Ворвутся среди зимы Мстиславовичи в Ростовскую землю, пройдут по её незащищённому северному краю, суровому и неприветному для человека, опустошат, забрав в рабство и тех немногих, которые жили среди пущ и озёр. Будто ромеи, будут вязать сыромятной кожей жён, детей и стариков, будут хватать своих единокровных братьев русских, мирных людей, которые жили там испокон веков, ловили зверя в пущах и рыбу в реках и озёрах и не знали, что это - убить человека, ибо встреча с человеком в этих безбрежных лесах уже сама по себе была величайшим праздником. Состязались с бедой песней, долгой, грустной и мудрой, как мир. А тут пришли глухие к песне, к плачу, уши закрыты железом шеломов, сердца железные, души железные. Вера? А что такое вера? Тоже железо?..
Прославив надлежащим образом князя киевского и его воев, игумен Анания перешёл на митрополита Климента, ибо происходило всё в божьем доме, где главнейшим из всех присутствующих был митрополит, высокий, с острым взглядом умных глаз, с хищным носом, который свидетельствовал об упорстве в науках и о неуступчивости в делах.
"Да возрадуется и тот, который, старшинствуя среди архиереев, счастлив тем, что твоей святыни прикасается и освящает верных людей".
Бывший монах Зарубинецкого монастыря Климент был весьма высокого мнения о себе и не заботился о скромности, когда в послании своём к Изяславову брату, смоленскому князю Ростиславу, выразившему сомнение относительно законности избрания митрополита без согласия царьградского патриарха, восхвалял себя, называя философом.

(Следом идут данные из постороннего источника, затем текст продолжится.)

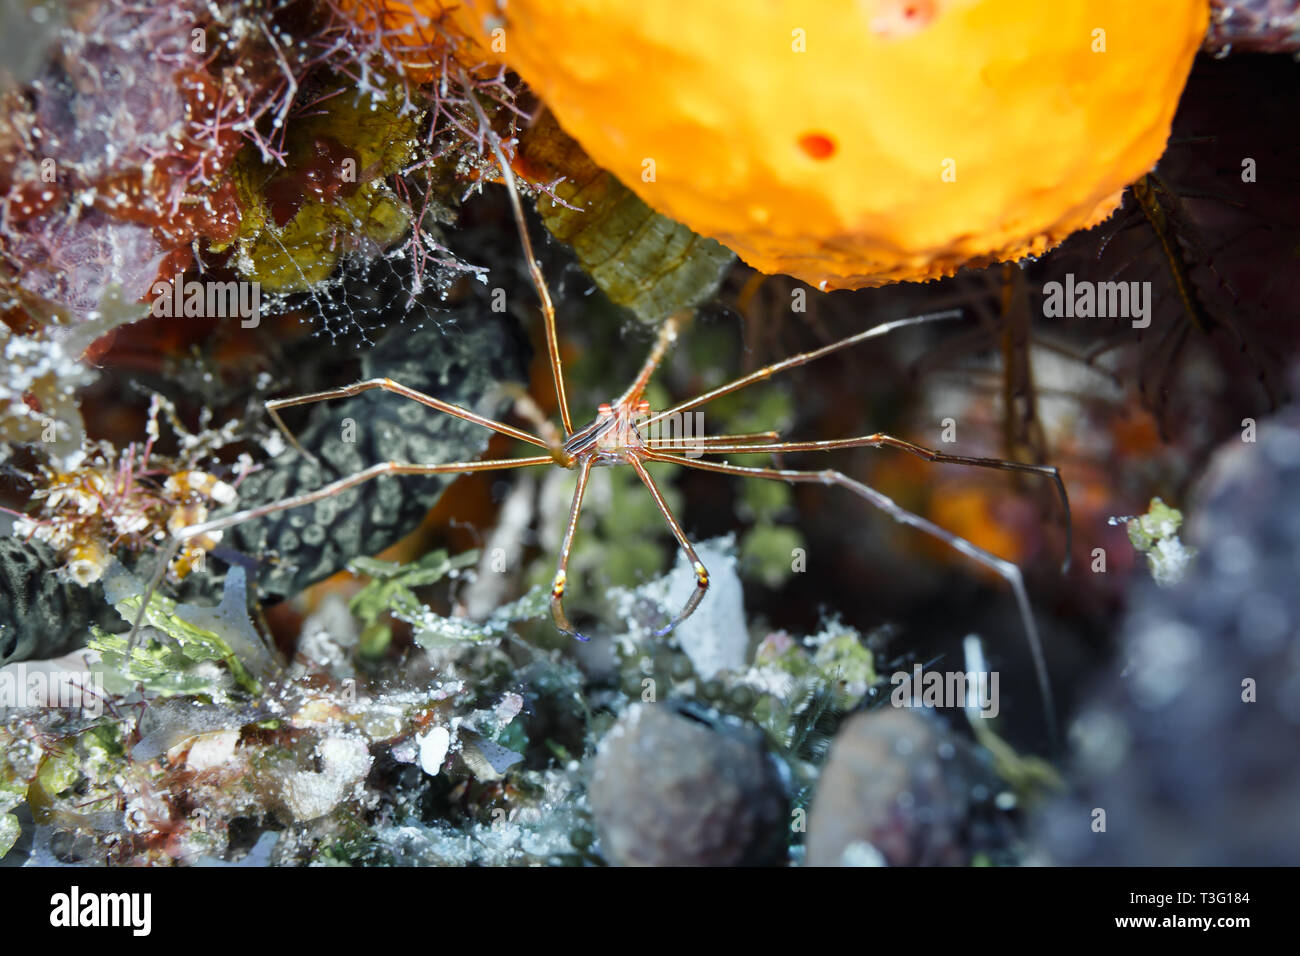 Stenorhynchus seticornis, Yellowline Arrow Crab, hides under a yellow sponge Stock Photo

На церковном соборе, где избирали Климента, отказались присутствовать епископы-греки: Нестор ростовский, Кузьма полоцкий, Мануил смоленский и Нифонт новгородский. Не дотянувшись к первым троим, князь Изяслав сумел зато захватить Нифонта, которого выдал ему в Новгороде сын, и посадить непокорного епископа в поруб в Киеве. Нифонт и до сих пор ещё гнил где-то в смердючей яме, а митрополит, в золотых одеяниях, средь торжественного пения, тем временем принимал хвалу и славу. Недаром же в послании к смоленскому пресвитеру Фоме напишет он, что "славы и власти жаждут не одни лишь миряне, но и монахи. Жажда её преследует нас до могилы".
После молебствия за церковной оградой князей ждали отроки с конями, бояр - их служки, для иереев приготовлены были сани, устланные коврами, ибо негоже было бы видеть почтенных святых отцов утопающими в сугробах.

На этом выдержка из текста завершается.